Thai Red Curry Noodle Soup Recipe
A flavorful and comforting Thai Red Curry Noodle Soup featuring tender chicken, aromatic red curry paste, coconut milk, and fresh herbs, perfect for a hearty and spicy meal.
- Author: Amaya
- Prep Time: 15 minutes
- Cook Time: 25 minutes
- Total Time: 40 minutes
- Yield: 6 servings 1x
- Category: Soup
- Method: Stovetop
- Cuisine: Thai
Protein
- 1 1/2 pounds boneless, skinless chicken breasts (cut into 1/2-inch chunks)
Vegetables & Aromatics
- 3 cloves garlic (minced)
- 1 red bell pepper (diced)
- 1 onion (diced)
- 3 green onions (thinly sliced)
- 1/2 cup chopped fresh cilantro leaves
- 1/4 cup chopped fresh basil leaves
Liquids & Sauces
- 1 tablespoon olive oil
- 6 cups low sodium chicken broth
- 1 (13.5-ounce) can coconut milk
- 1 tablespoon fish sauce
- 2 tablespoons freshly squeezed lime juice
Other Ingredients
- 3 tablespoons red curry paste
- 1 tablespoon freshly grated ginger
- 4 ounces rice noodles
- 2 teaspoons brown sugar
- Kosher salt and freshly ground black pepper (to taste)

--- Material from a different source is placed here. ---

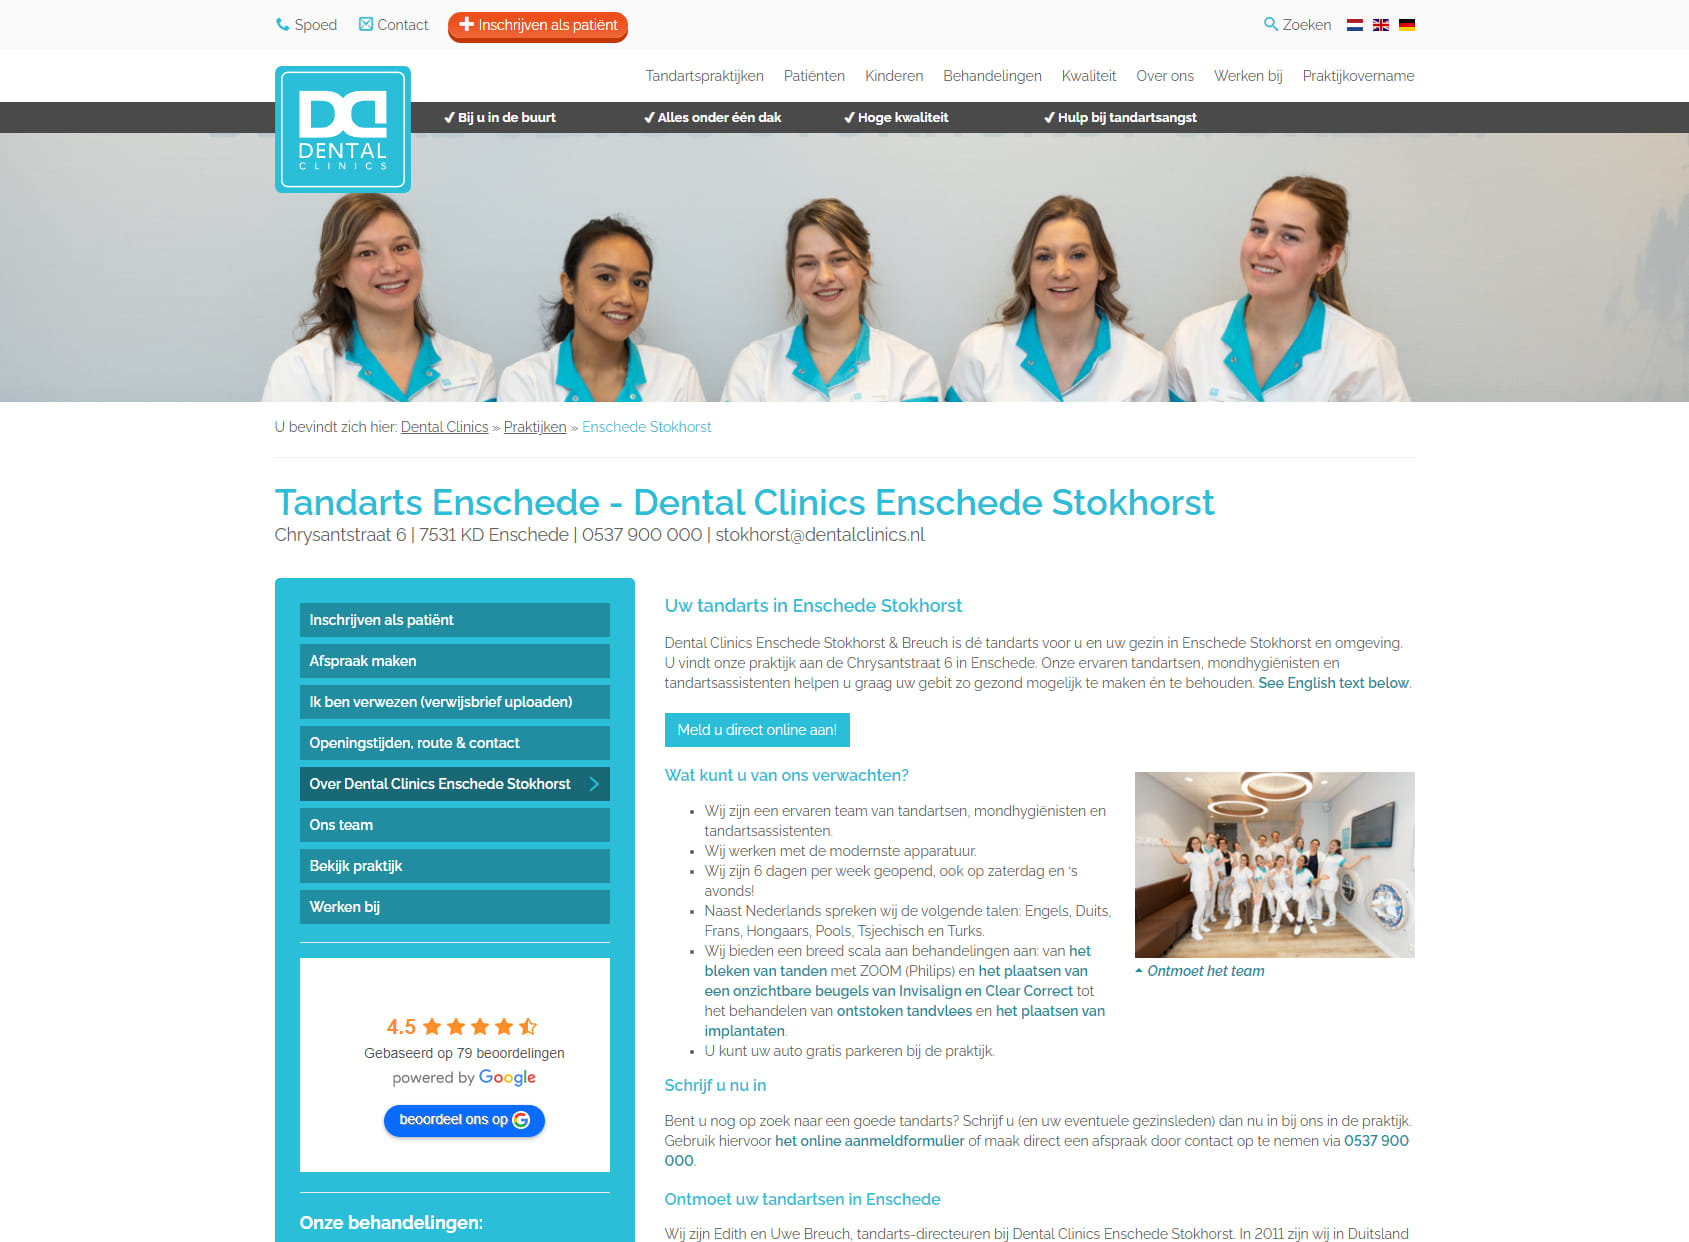 Dental Clinics Enschede Stokhorst & Breuch

- Cook the chicken: Heat olive oil in a large stockpot or Dutch oven over medium heat. Season chicken chunks with salt and pepper. Add them to the pot and cook until golden, about 2-3 minutes. Remove and set aside.
- Sauté aromatics and vegetables: Add minced garlic, diced red bell pepper, and diced onion to the pot. Cook, stirring occasionally, until vegetables are tender, about 3-4 minutes.
- Add curry paste and ginger: Stir in the red curry paste and freshly grated ginger. Cook until fragrant, about 1 minute, ensuring the paste is well incorporated with the vegetables.
- Add liquids: Pour in the chicken broth and coconut milk, scraping the bottom of the pot to lift any browned bits. This adds depth of flavor to the soup.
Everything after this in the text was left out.